Ludwig Josef Johann Wittgenstein (1889 – 1951) è stato uno dei più importanti pensatori del XX secolo. Il "Tractatus Logico-Philosophicus" è l'unica opera da lui pubblicata in vita ed essa si concentra sul problema della comunicazione di idee tra gli esseri umani e sulla delimitazione delle possibilità del linguaggio.

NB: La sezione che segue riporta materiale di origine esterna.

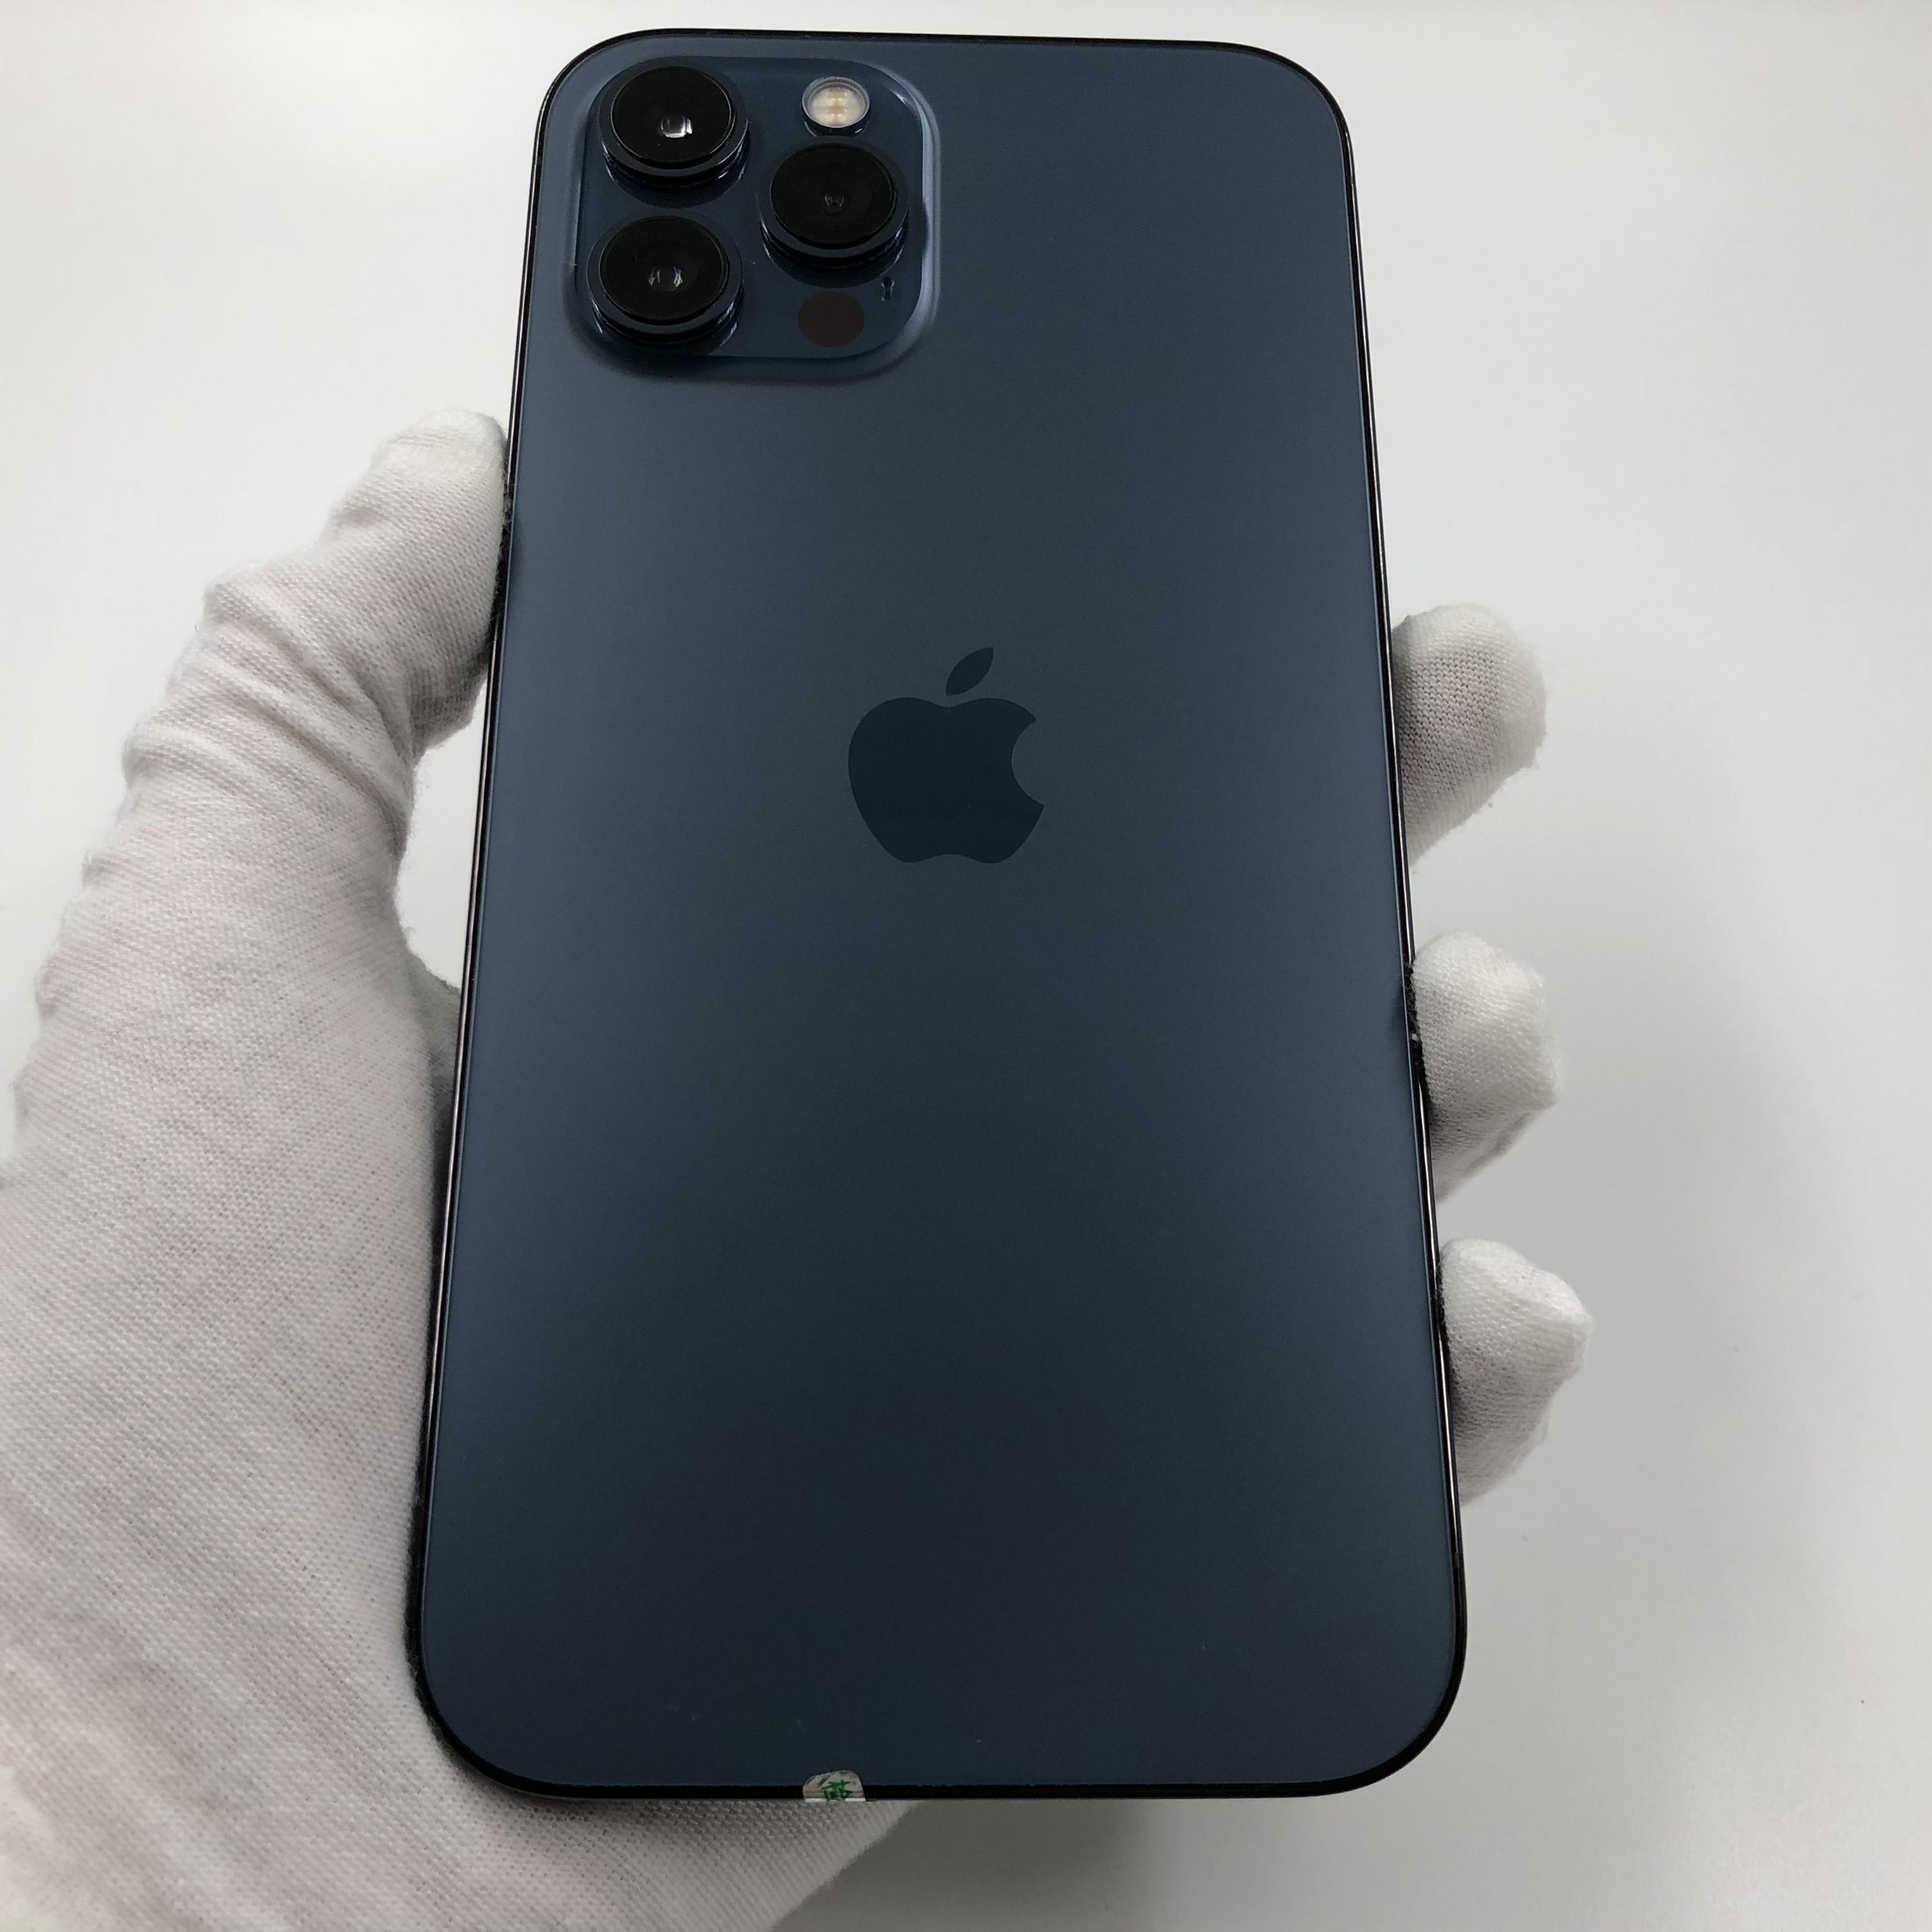 苹果【iPhone 12 Pro Max】5G全网通 海蓝色 256G 国行 8成新 真机实拍官保2021-11-12
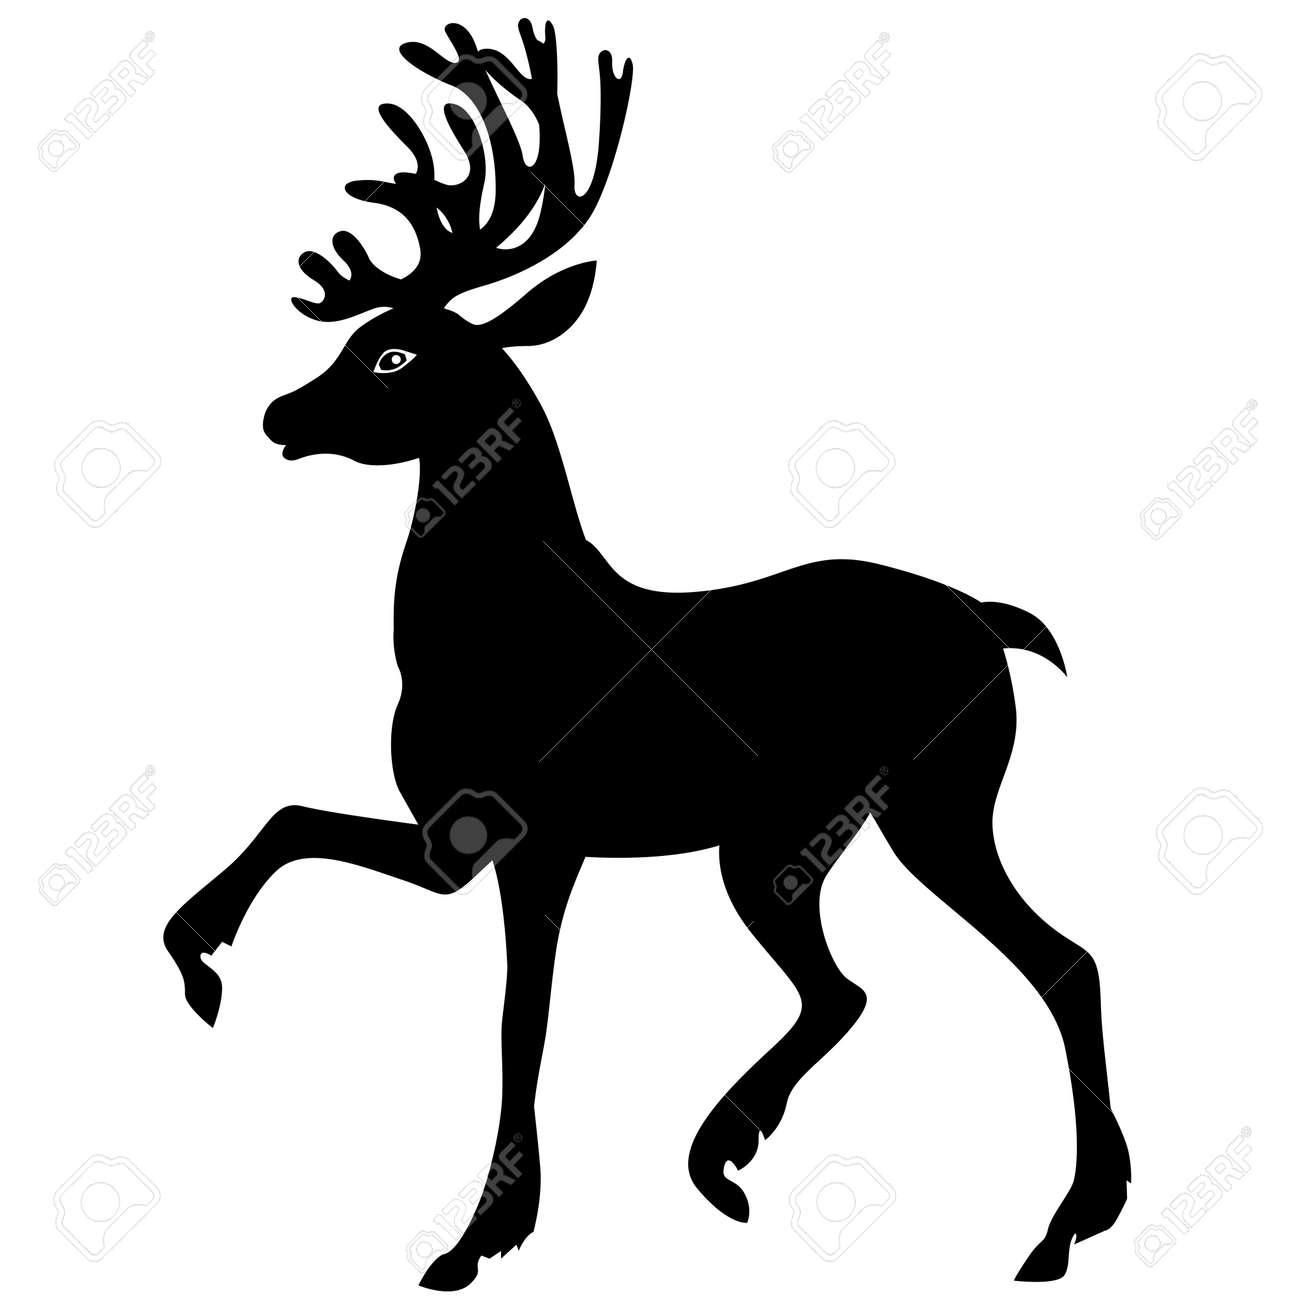 Silhouette Schwarz-Weiß-Bild Von Weihnachten Hirsch Lizenzfrei ...

Wittgenstein descrisse il linguaggio come raffigurazione logica del mondo, dove per mondo si intende un insieme di "fatti", di tutto ciò che accade. Ancor più importante è la nostra percezione del mondo:

"noi ci facciamo immagini dei fatti"

scrisse il filosofo austriaco. Noi creiamo, cioè, modelli nella nostra mente rispetto a quello che viviamo: questo si trova anche alla base della comunicazione e della fallacia di quest'ultima. 
Le parole ci permettono di creare immagini, ma il problema consiste nello scambio e nella trasmissione di queste da persona a persona: tipicamente, non siamo capaci di far in modo che nelle menti altrui si crei la stessa immagine a cui ci riferivamo originariamente, ossia il nostro modello. Questo crea ambiguità, incomprensione, ineffabilità. 

La soluzione che Wittgenstein propose per tale questione è riassumibile nella celebre citazione: 

"Su ciò di cui non si è in grado di parlare, si deve tacere
Wovon man nicht sprechen kann, darüber muss man schweigen.